Transcribe the lines below exactly. No image belongs in the transcription.

Provided material:

☆ ☆ ☆ ☆

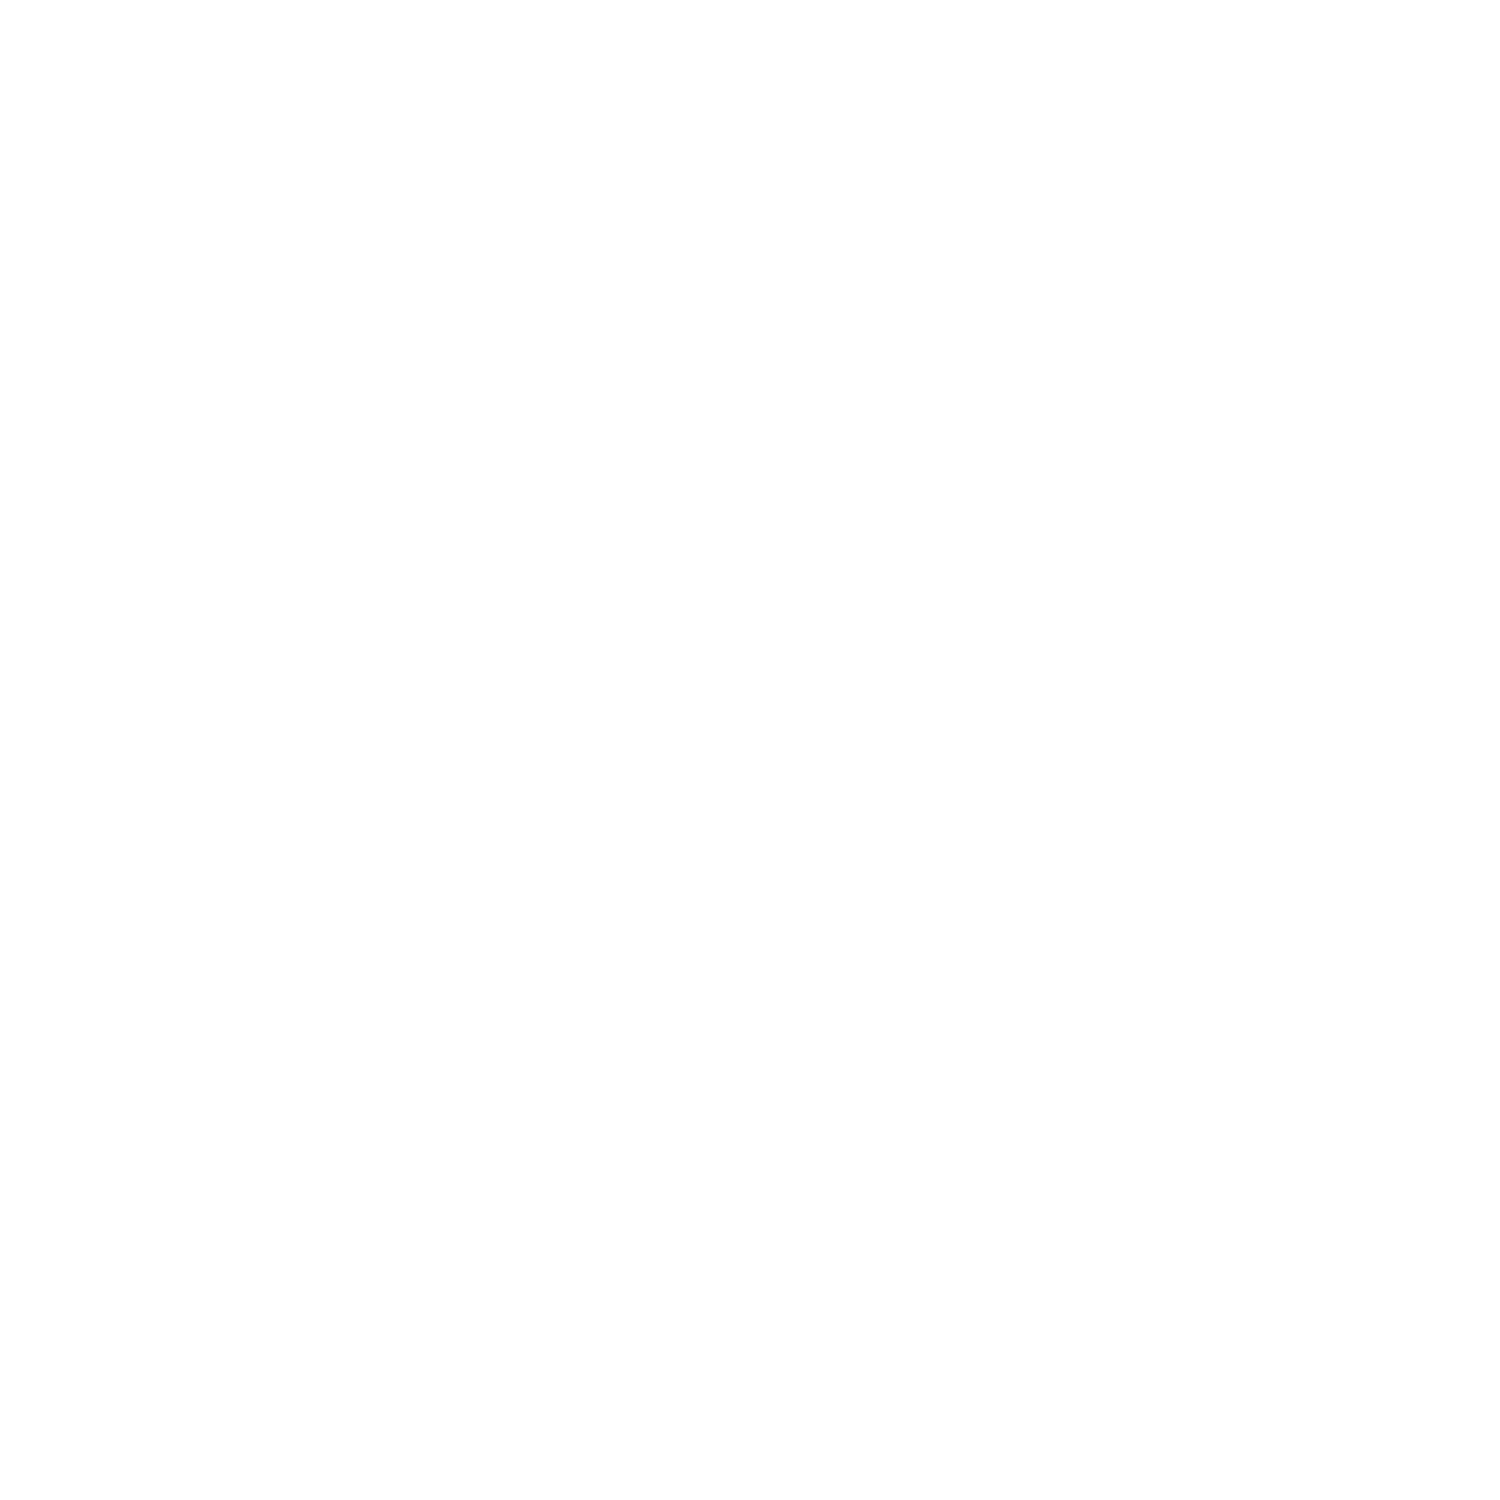 Up North Outdoor Services, LLC
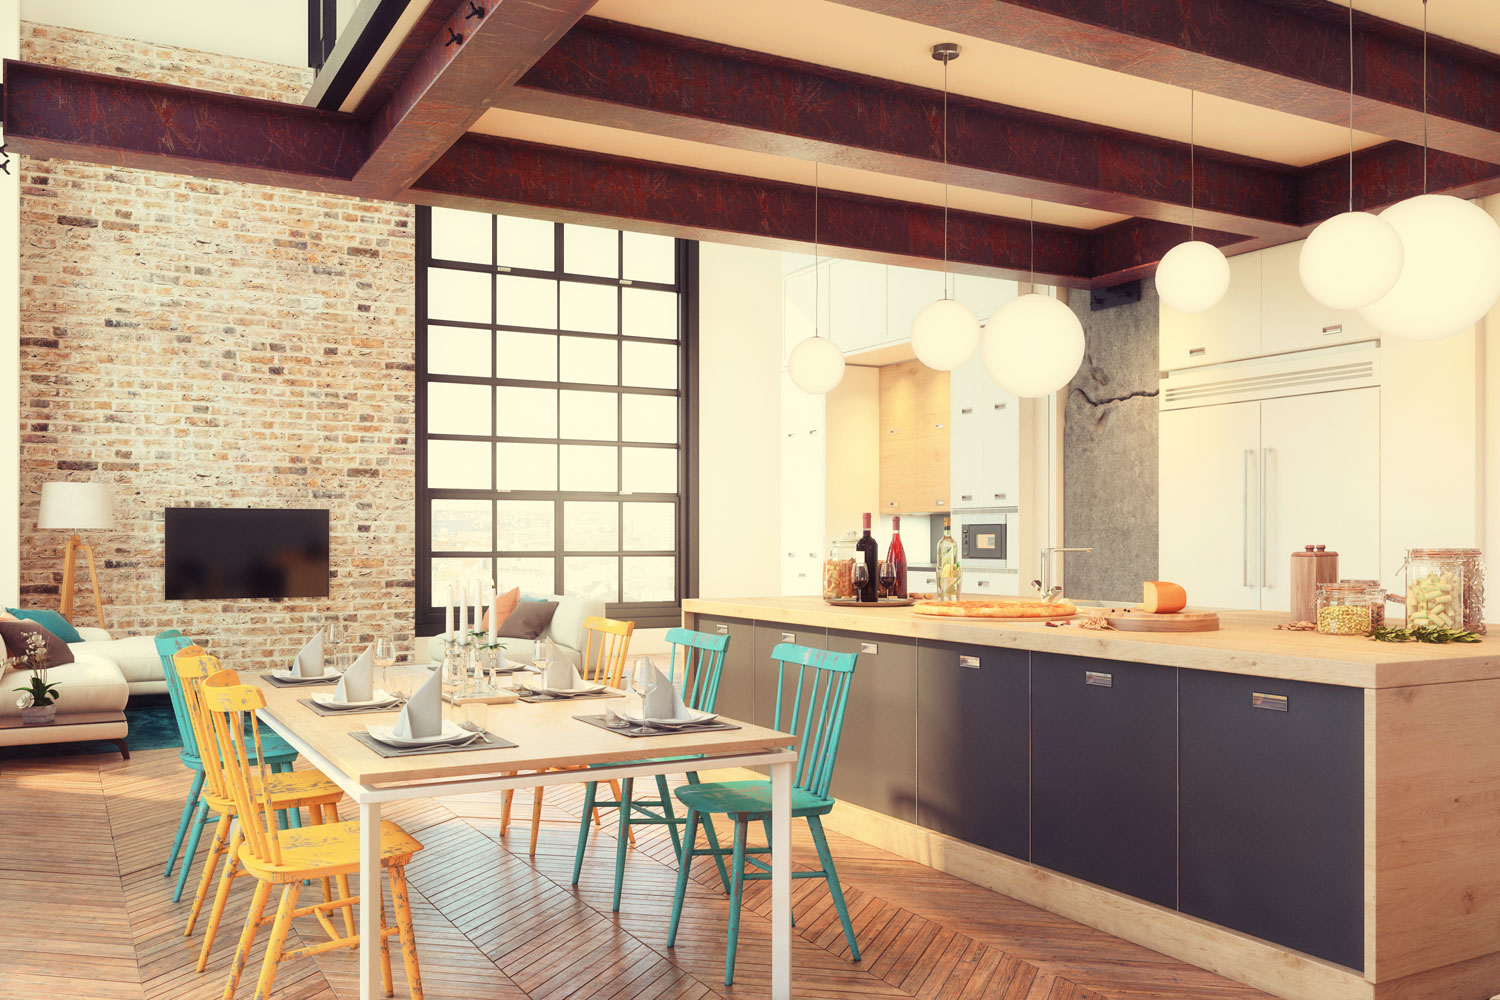 Gorgeous rustic and bright modern kitchen and dining area
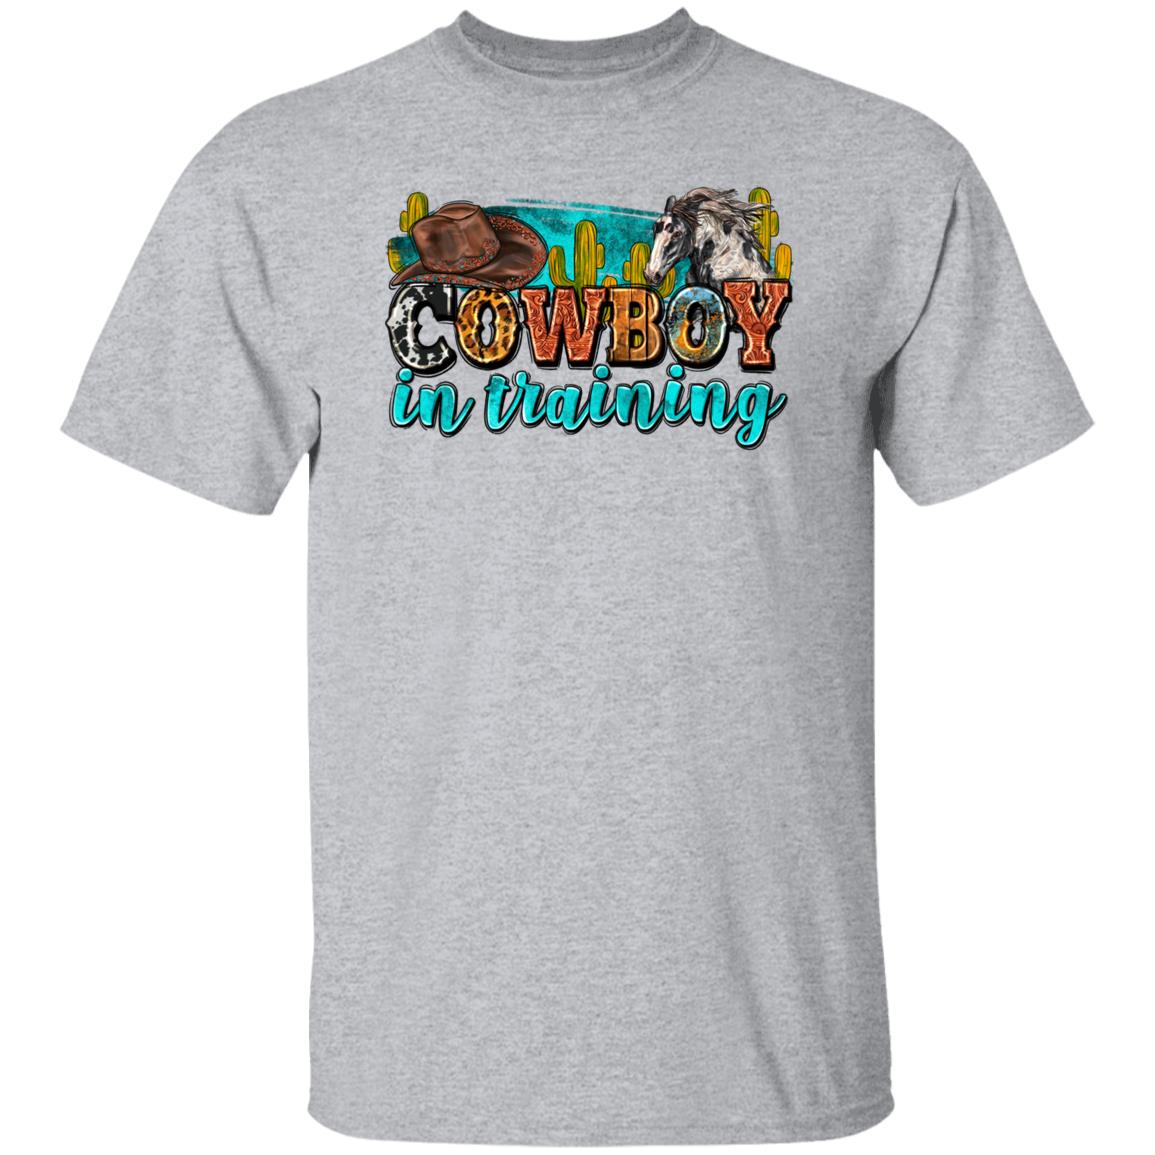 Cowboy in training T-Shirt Texas Western young cowboy Unisex tee White Sand Sport Grey-Sport Grey-Family-Gift-Planet

☆ ☆ ☆ ☆

Answer below:
 Up North Outdoor Services, LLC
 Gorgeous rustic and bright modern kitchen and dining area
 Cowboy in training T-Shirt Texas Western young cowboy Unisex tee White Sand Sport Grey-Sport Grey-Family-Gift-Planet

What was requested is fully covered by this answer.